I’ve gone to the beach and thought about the mountains while walking barefoot in the sand at dusk.  I viewed the setting sun over the waves and remembered a twilight in Pennsylvania.   I ate seafood on a weathered, wooden deck and recalled a restaurant in Maine.   I strolled down tree-lined streets at sea level with a vision of roots and rocks transfixed on my brain.  I spoke often of the hike.   Linda patiently listened, reminding me that we could go to the mountains in October.  I wondered if a brief visit to the Smokies would satisfy a longing for white blazes. 
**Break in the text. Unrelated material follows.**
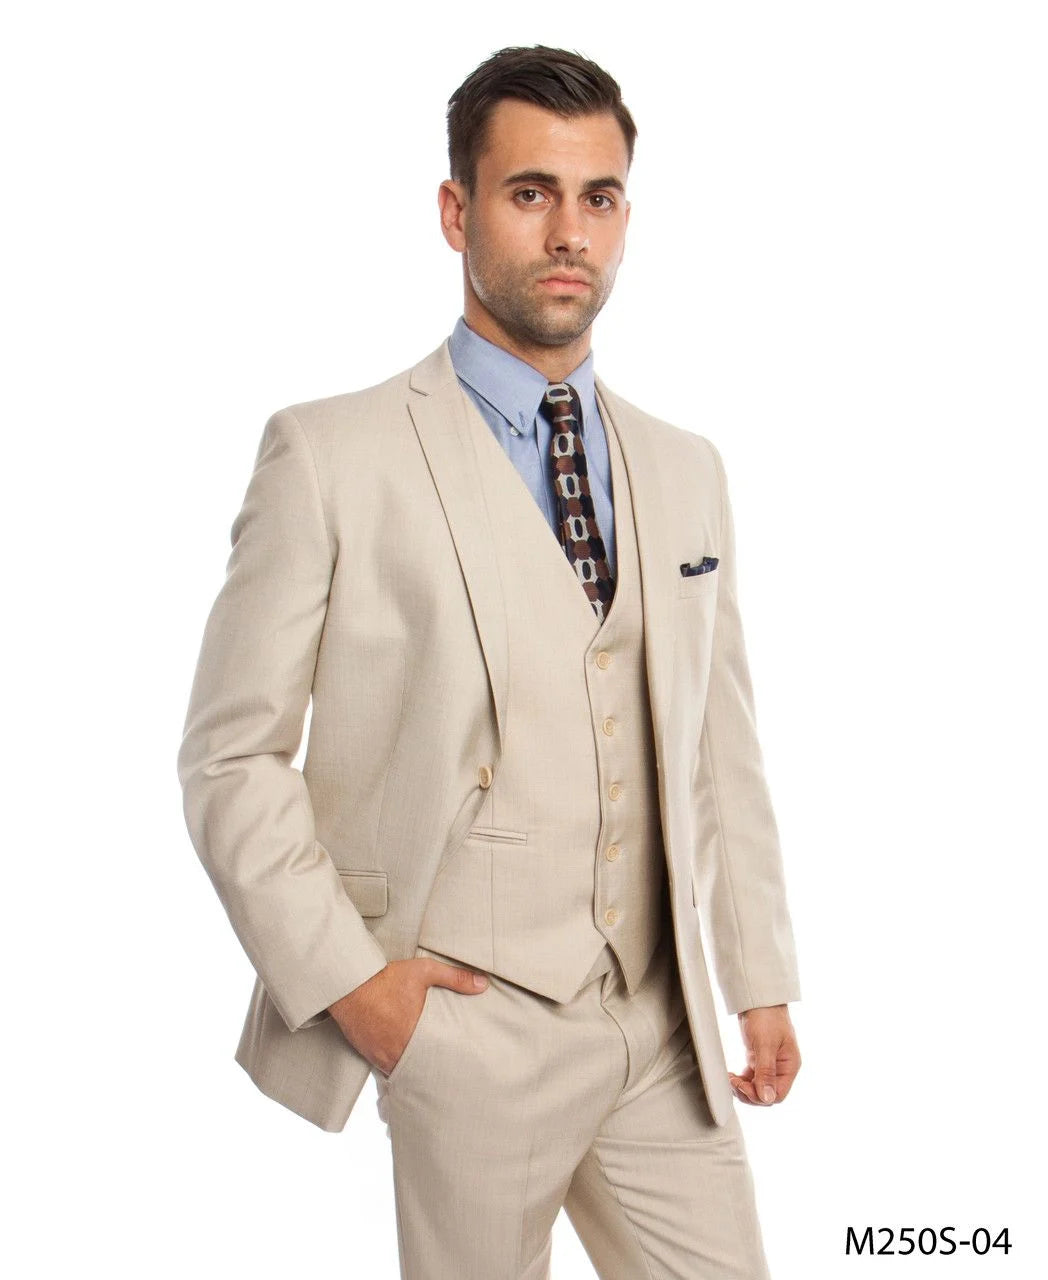 Formal  Tazio Men's 3 Piece Slim Fit Executive Business Suit Classy Formal Look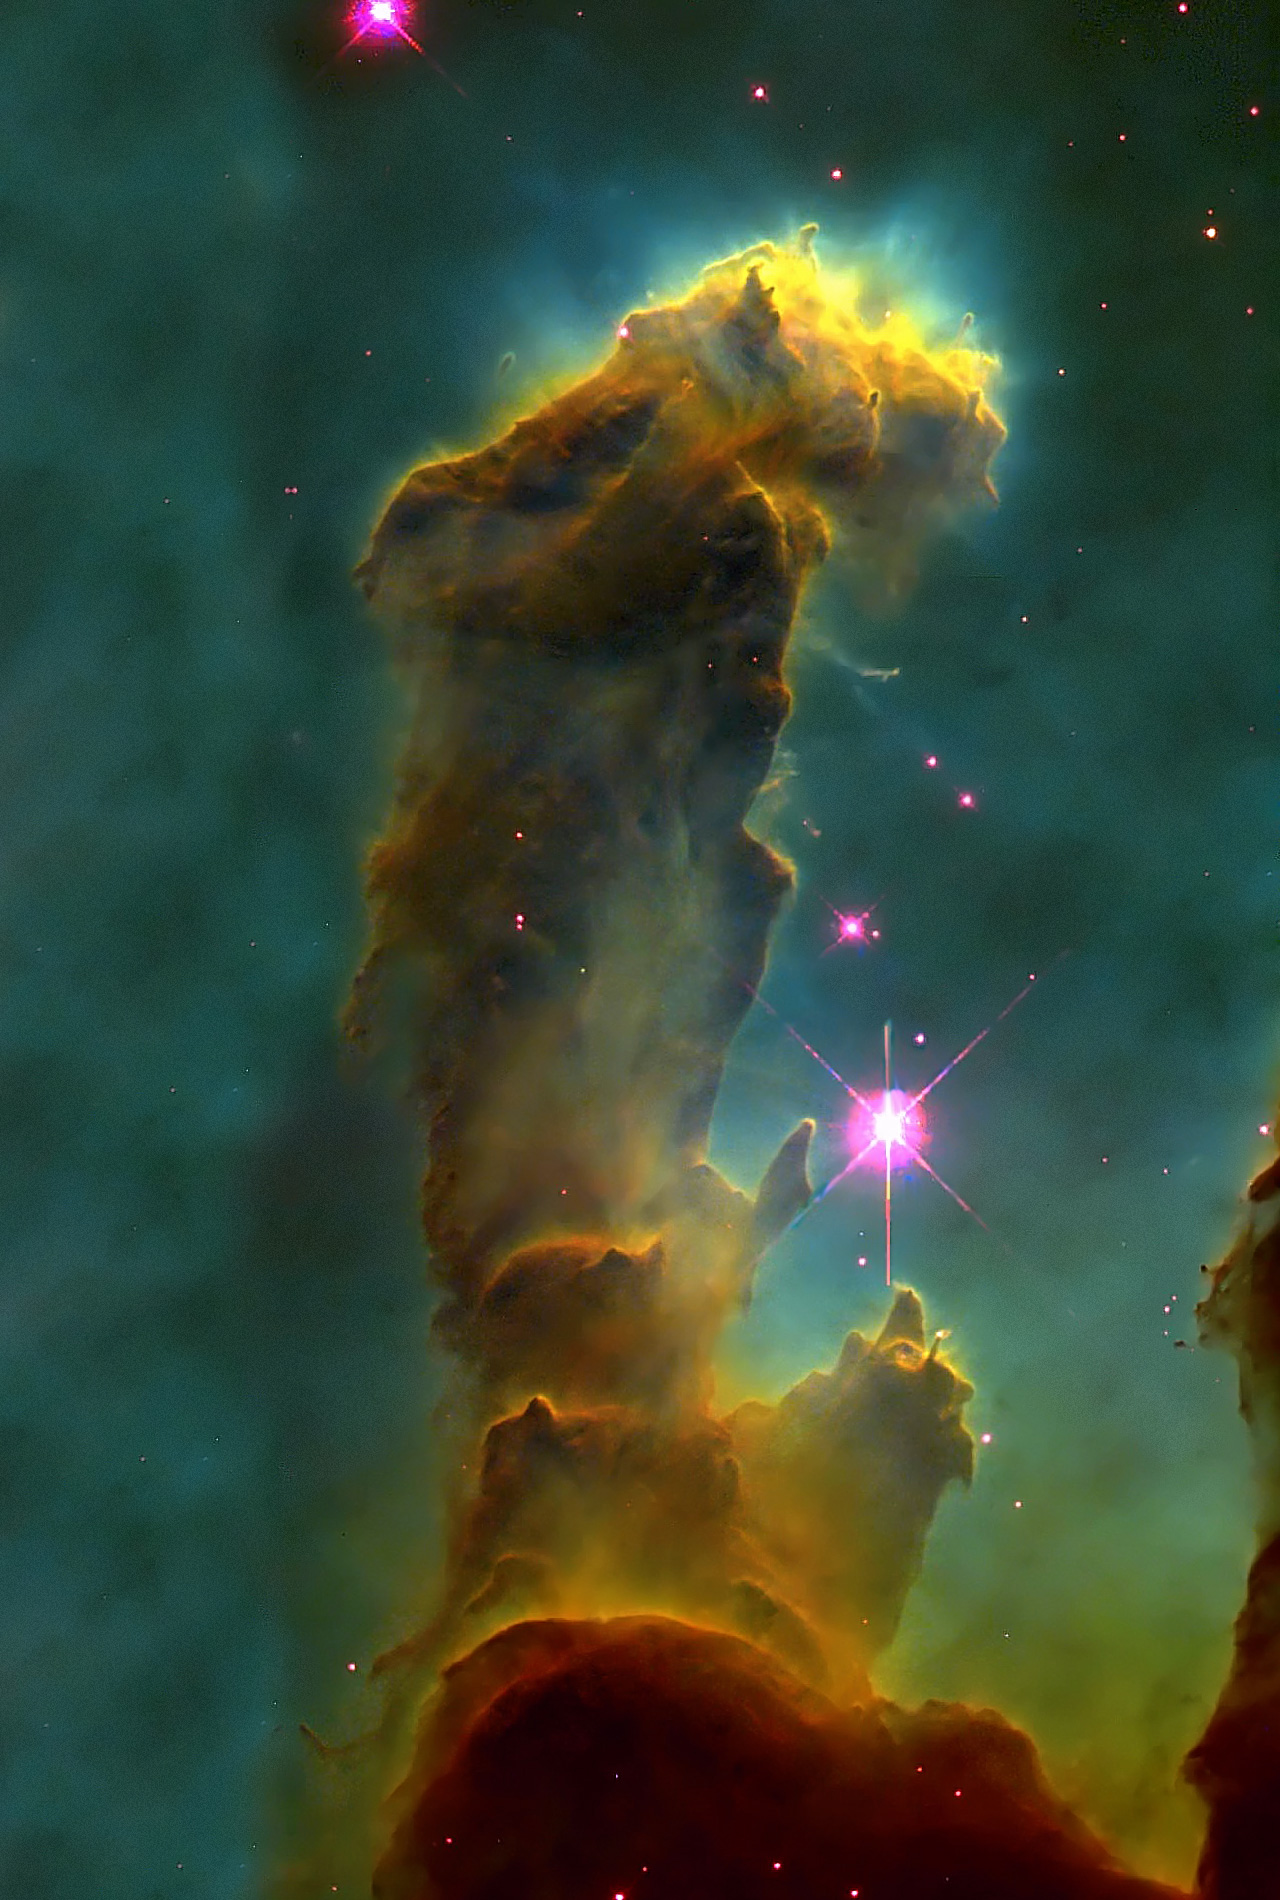 For Eagle Nebula Wallpaper 1080p Displaying Image

Sometimes I think of Ulysses when he returned home to Ithaca.  Tennyson was right.  How does one truly “adjust” after a great adventure?  As my hike neared its end, I kept repeating, “each step I take is a step I’ll never have to take again.”   I suppose the key words there are “have to.”  No, I’m not contemplating another thru hike.  I’m not even planning a return to the trail anytime soon.  I’m not ruling out, however, other hikes on the AT or even other trails.  They just won’t occur in the immediate future.  For now, I’m happy in this “regular life” in the “regular world.”   Still I will daily cherish the many fond memories that have forever become a part of me because I chose to go for a hike on the Appalachian Trail.